Et nous ne parlerons pas du barnum pour concierges qu’élaborent sur ces thèmes des communicateurs professionnels qui cultivent les grandes peurs inconscientes des peuples pour en faire un business particulièrement rentable dont la planète n’est que l’évident prétexte. Les montants de leurs cachets et honoraires sont proportionnels aux énormités scientifiques qu’ils déversent sur nos grands et petits écrans sous les applaudissements du peuple, des sponsors opportunistes et du monde politico médiatique.

 

Mais le plus grave n’est pas dans les erreurs ou les manipulations plus ou moins scientifiques. Le plus grave est dans l’idéologie écolo totalitaire que porte tout ce processus et qui a récemment marqué des points dans une opinion publique parfaitement anesthésiée. Sous des dehors de bobos sympathiques et de grands protecteurs de la nature, c’est une idéologie dont ils nous gavent, celle de la contestation du progrès en lui-même.
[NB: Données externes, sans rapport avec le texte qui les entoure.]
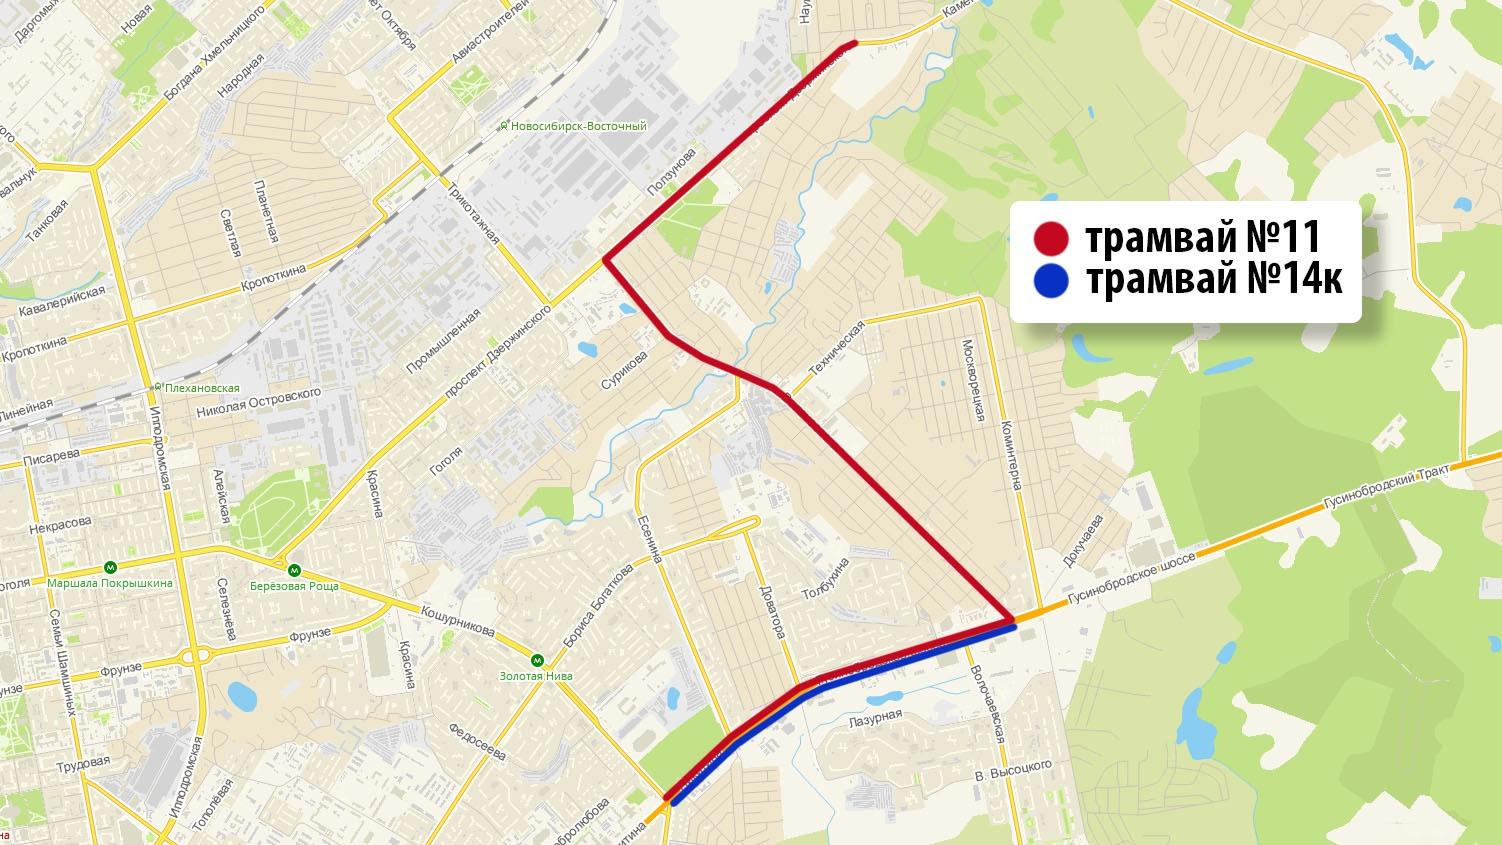 """На ближайших выходных в Новосибирске будет работать дополнительный трамвайный маршрут <nobr class=""""_"""">№ 14к</nobr>, а трамваи <nobr class=""""_"""">№ 11</nobr> будут ходить по изменённой схеме"""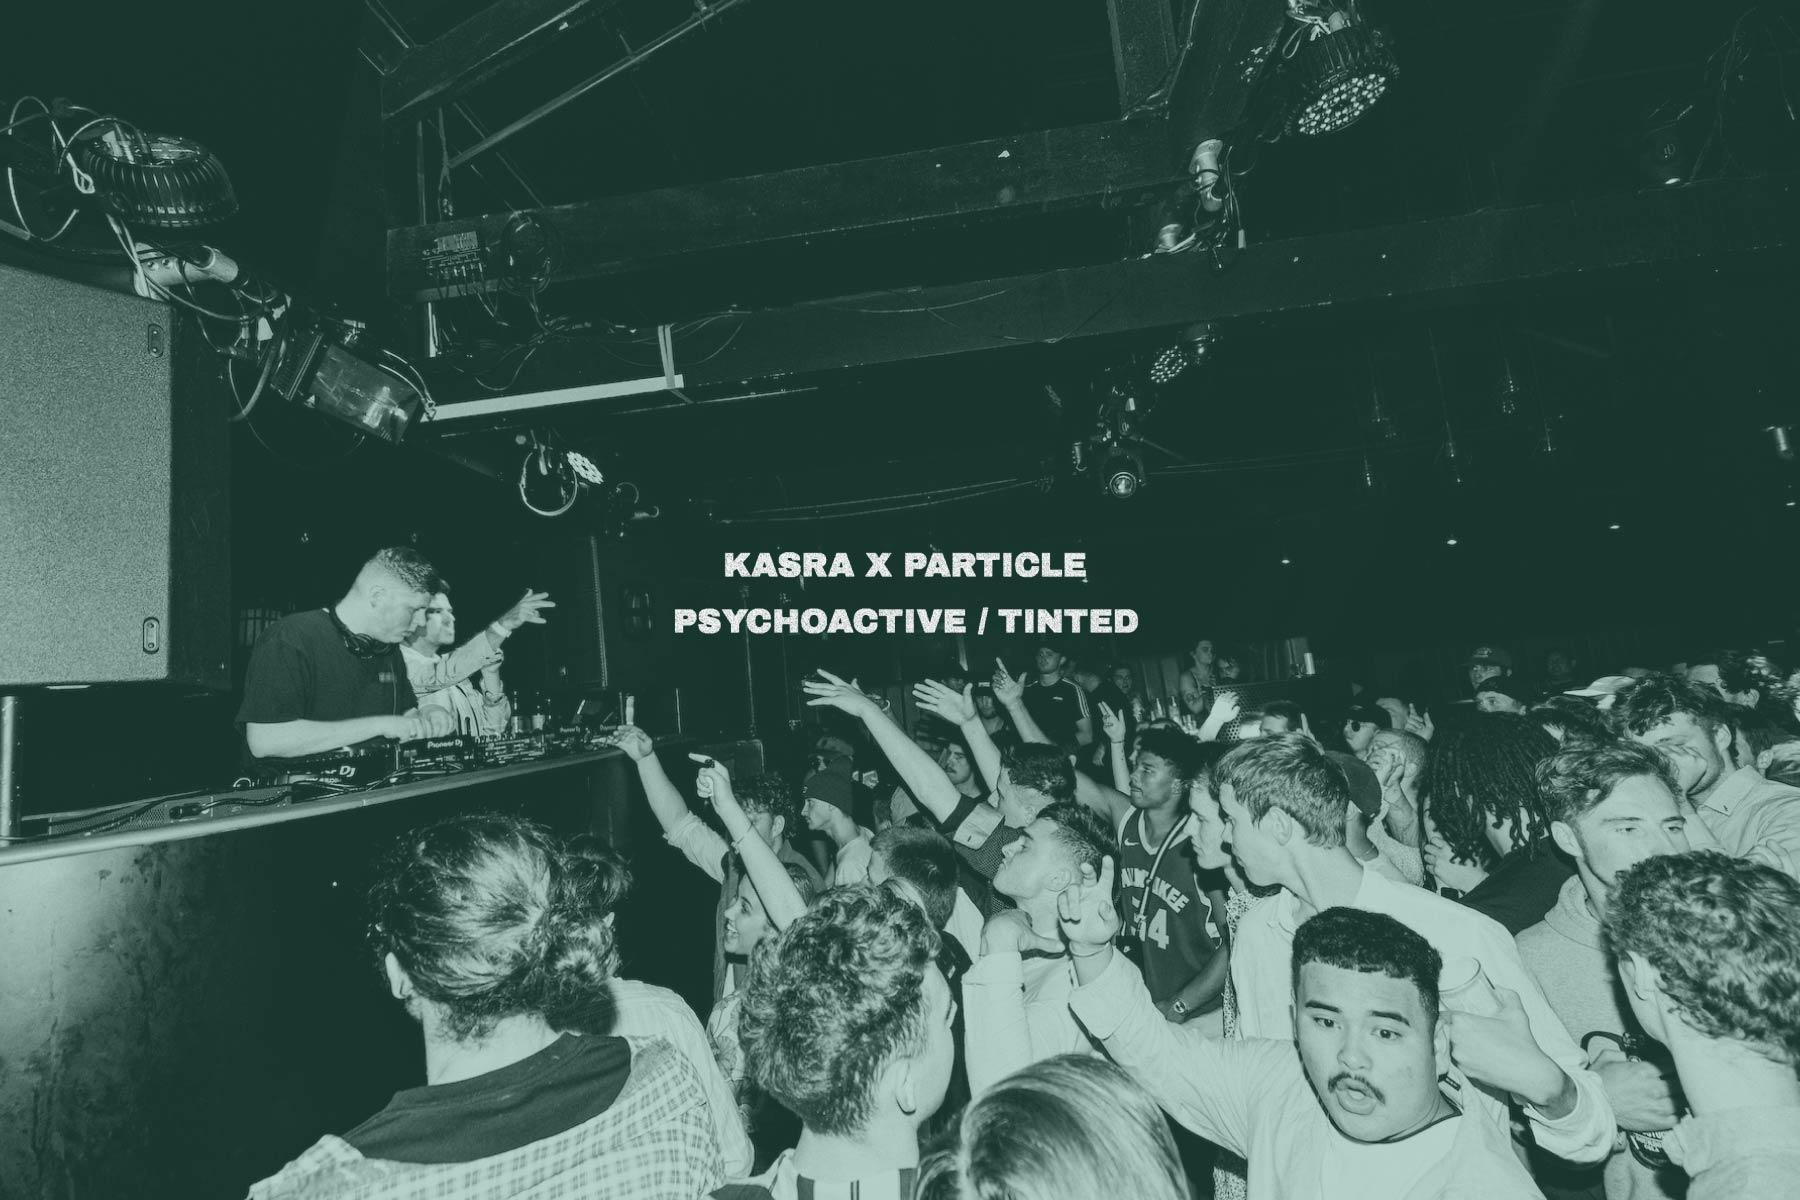 KASRA x PARTICLE

Selon ce qui est en train de devenir une toute nouvelle morale et un codex de type quasi religieux, il faut stopper le progrès de l’humanité. Et ils ne se contentent pas de dénoncer le nucléaire et de refuser toute recherche dans cette direction, d’encombrer nos paysages de dispendieuses éoliennes et de condamner les OGM comme les nanotechnologies, ni de pourrir la vie des automobilistes comme de l’ensemble des consommateurs, non, au lieu défendre raisonnablement une consommation moins débridée, ils poussent leur logique jusqu’à l’absurde, jusqu’au monstrueux : nous avons pu lire dernièrement un de leurs grands prêtres qui calculait l’empreinte écologique de la grossesse, de la mise au monde, des soins, des efforts et de toutes les consommations que demande l’éducation, pour en arriver à contester ouvertement le droit des parents à avoir plusieurs enfants.  Pour ces esprits malades le progrès de l’humanité est en effet le premier ennemi de la nature. 

Bref, tout porte à croire que le sommet de Copenhague risque de mener à des décisions basées sur des notions scientifiques pour le moins douteuses, pour prendre des mesures au mieux inutiles, mais inévitablement lourdes pour le contribuable. Elles seront tout profit, par contre, pour de nouvelles formes d’industries et de commerces, et baliseront « démocratiquement » la route du totalitarisme nouveau: le despotisme vert.

Nous ne croyons pas que le « bien commun » y trouvera son compte.